■ **What you are asked to do**
Give again, unaltered, the lines of the listing below that run from the line having "Louis Vuitton 24ss" through the line having "Nike Air Force".

■ **Material for this task**
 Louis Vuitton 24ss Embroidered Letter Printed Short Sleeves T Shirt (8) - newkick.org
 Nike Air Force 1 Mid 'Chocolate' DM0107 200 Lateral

--

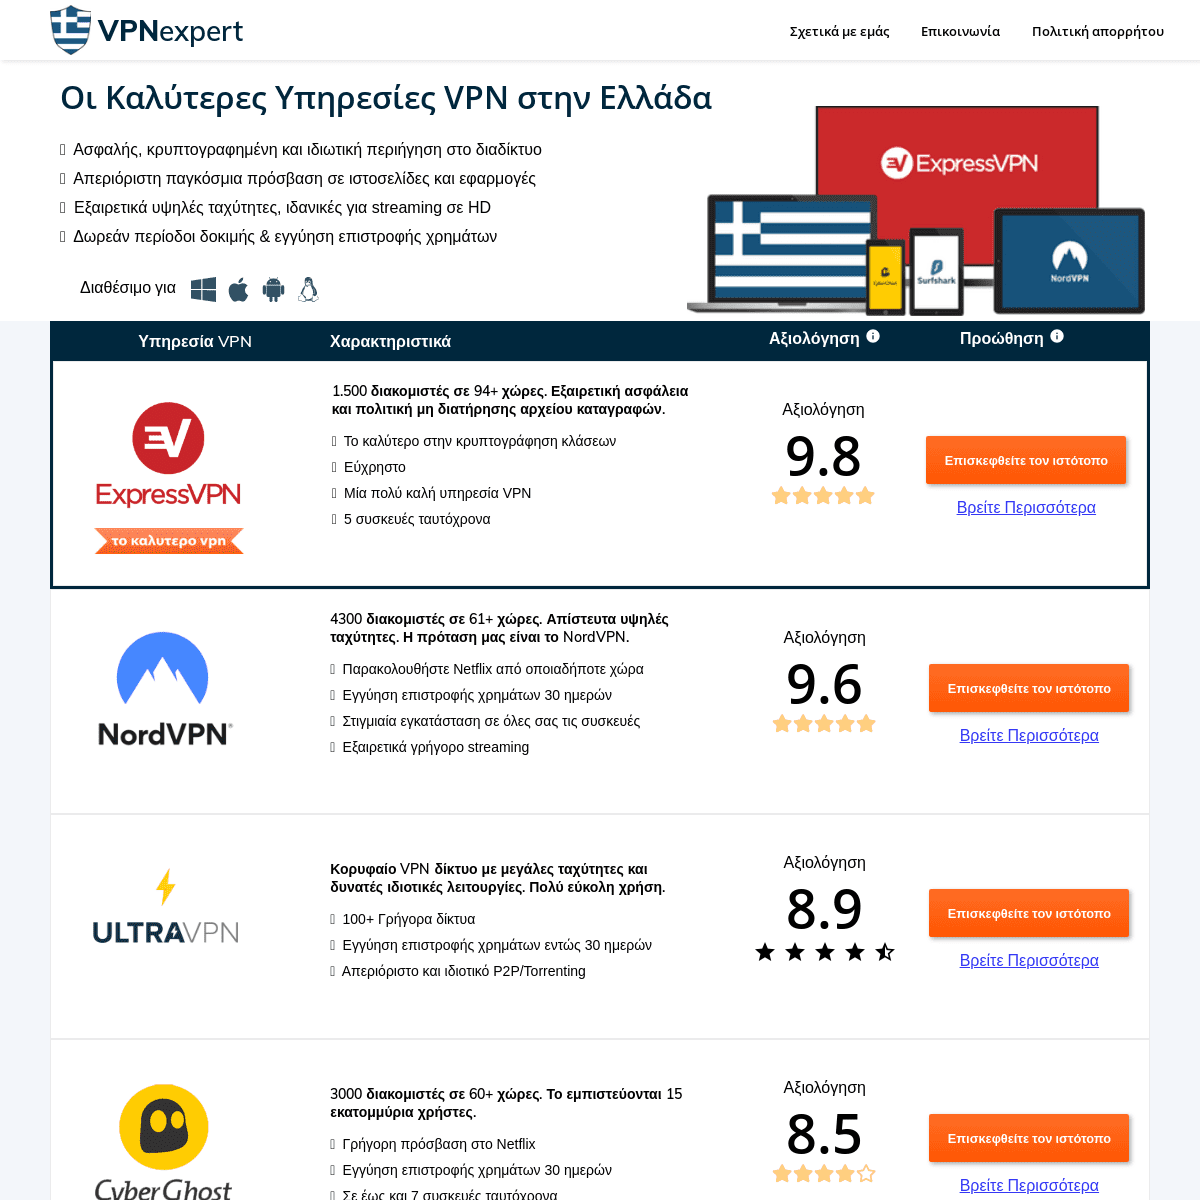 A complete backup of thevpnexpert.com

...

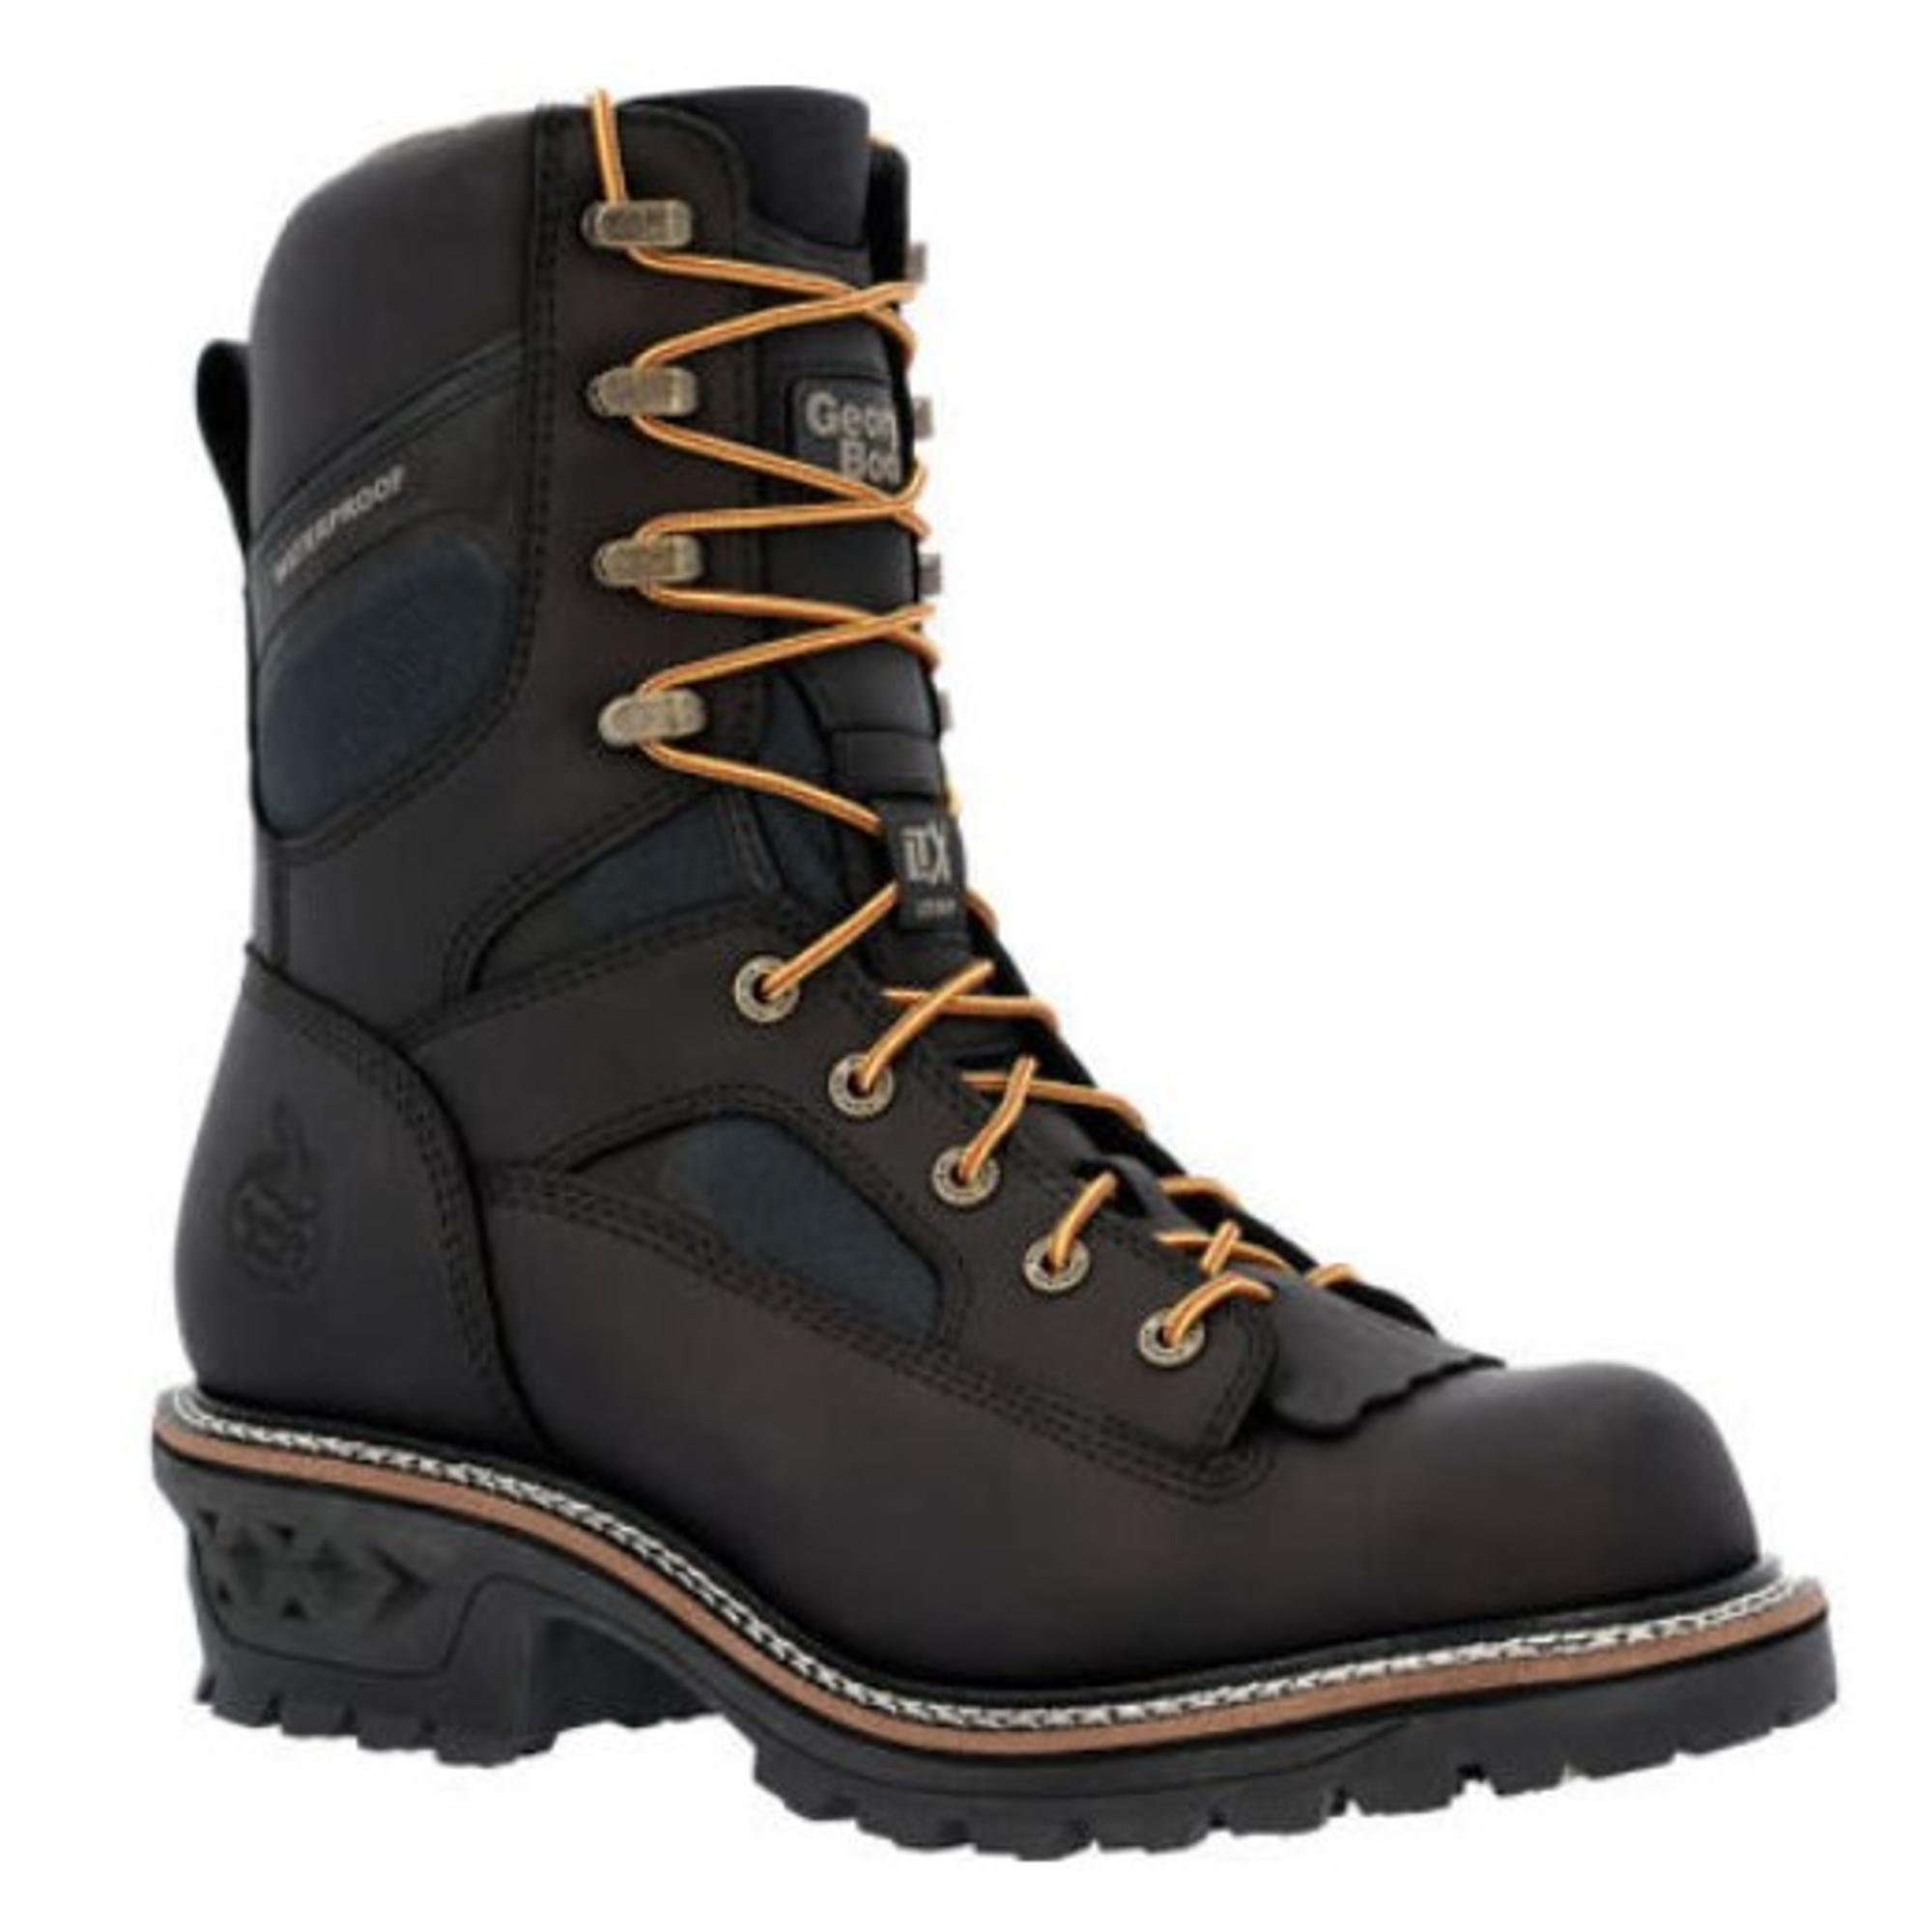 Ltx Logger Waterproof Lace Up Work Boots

■ **Solution to this problem**
 Louis Vuitton 24ss Embroidered Letter Printed Short Sleeves T Shirt (8) - newkick.org
 Nike Air Force 1 Mid 'Chocolate' DM0107 200 Lateral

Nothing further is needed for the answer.